Review of charity mergers for 2013/14

Four percent of people working in the charity sector were involved in a merger last year, according to a new study of mergers in the sector.

The research, carried out by Eastside Primetimers, aimed to collect data on mergers that occurred in England and Wales between January 2013 and April 2014, where the transferring organisation was a registered charity.

The researchers identified 189 organisations that undertook 90 deals, affecting more than 32,000 employees or 4 per cent of the charity sector workforce.

Just over half of all the deals analysed by the study occurred in the health and social care sector, followed by intermediaries (23 percent), faith organisations (17 percent) and community groups (15 percent).

43 percent were deemed to be takeovers, where the acquired organisation completely lost its identity and autonomy, while 23 percent were genuine mergers. 

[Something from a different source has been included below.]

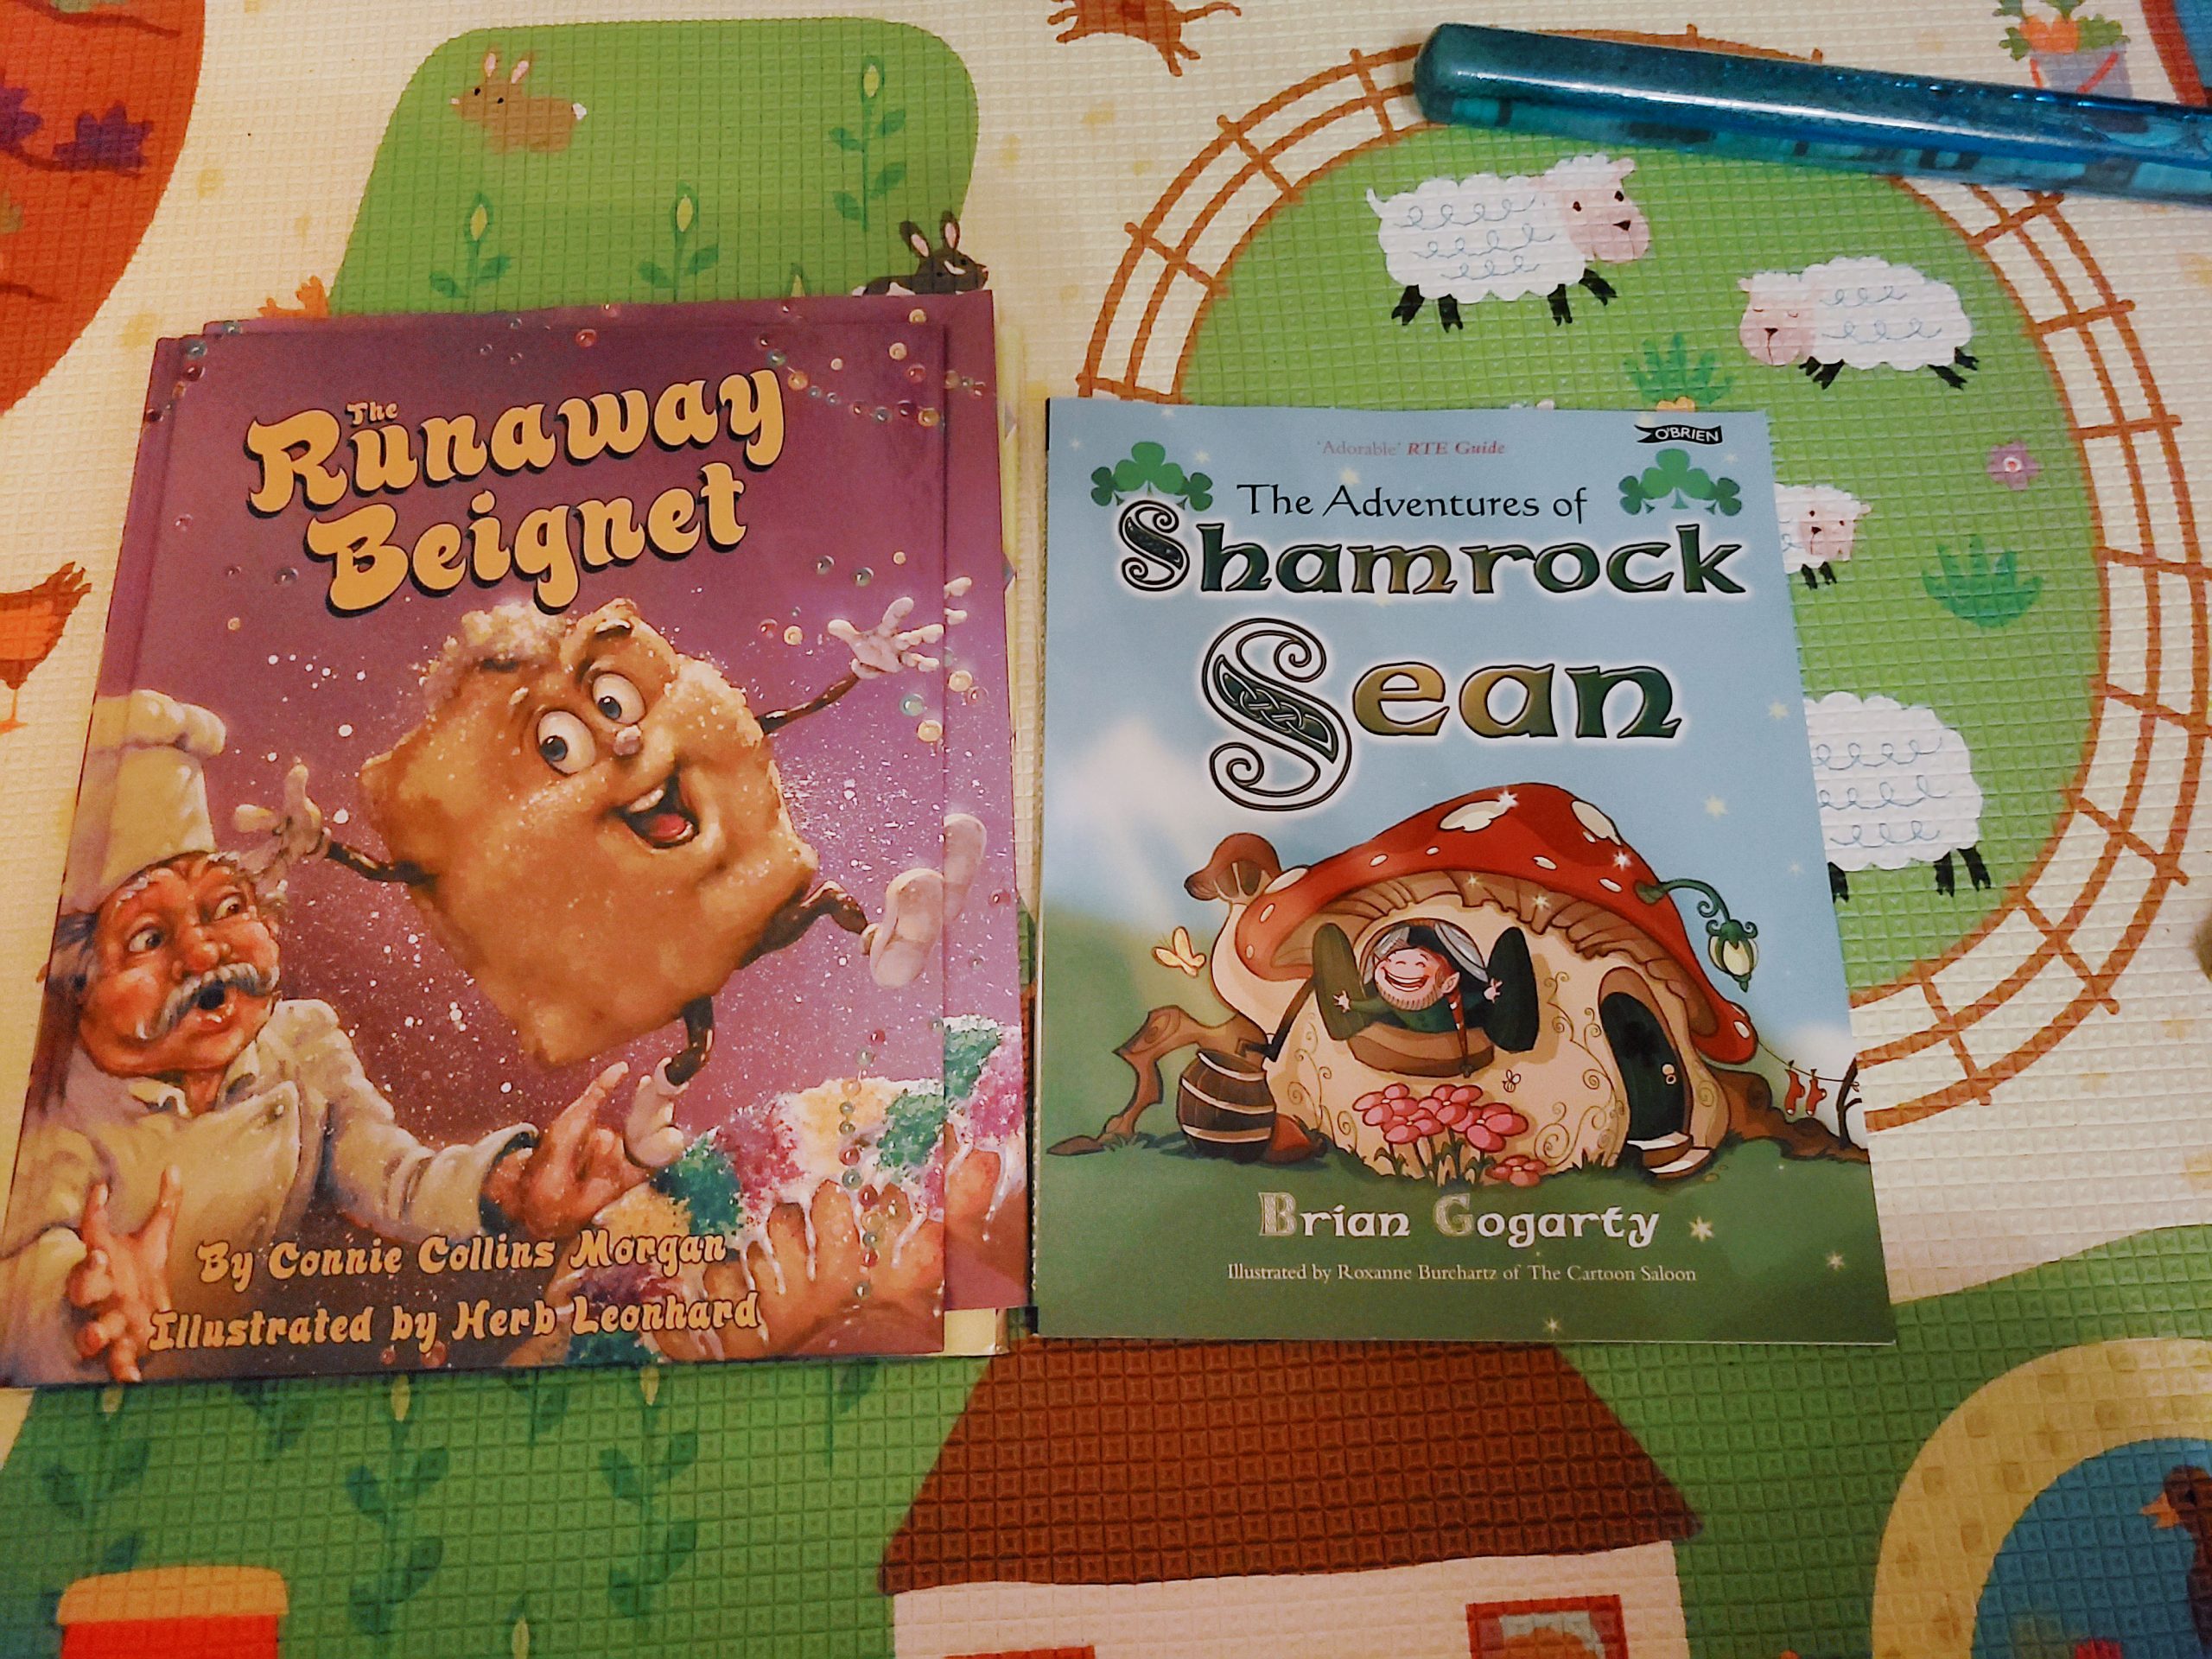 travel books for babies

The researchers also found that charity executives had described their deal as a merger in 58 percent of cases, when in fact fewer than half of these were real mergers, and only 12 percent of deals were called takeovers.

The main driver for merger was the external funding environment.

The study sourced information from the Charity Commission’s Register of Mergers and news in the sector press. It intends to use the findings as a baseline of data that can be used to measure and report on the future progress of charity mergers and provide a benchmark for spotting consolidation trends.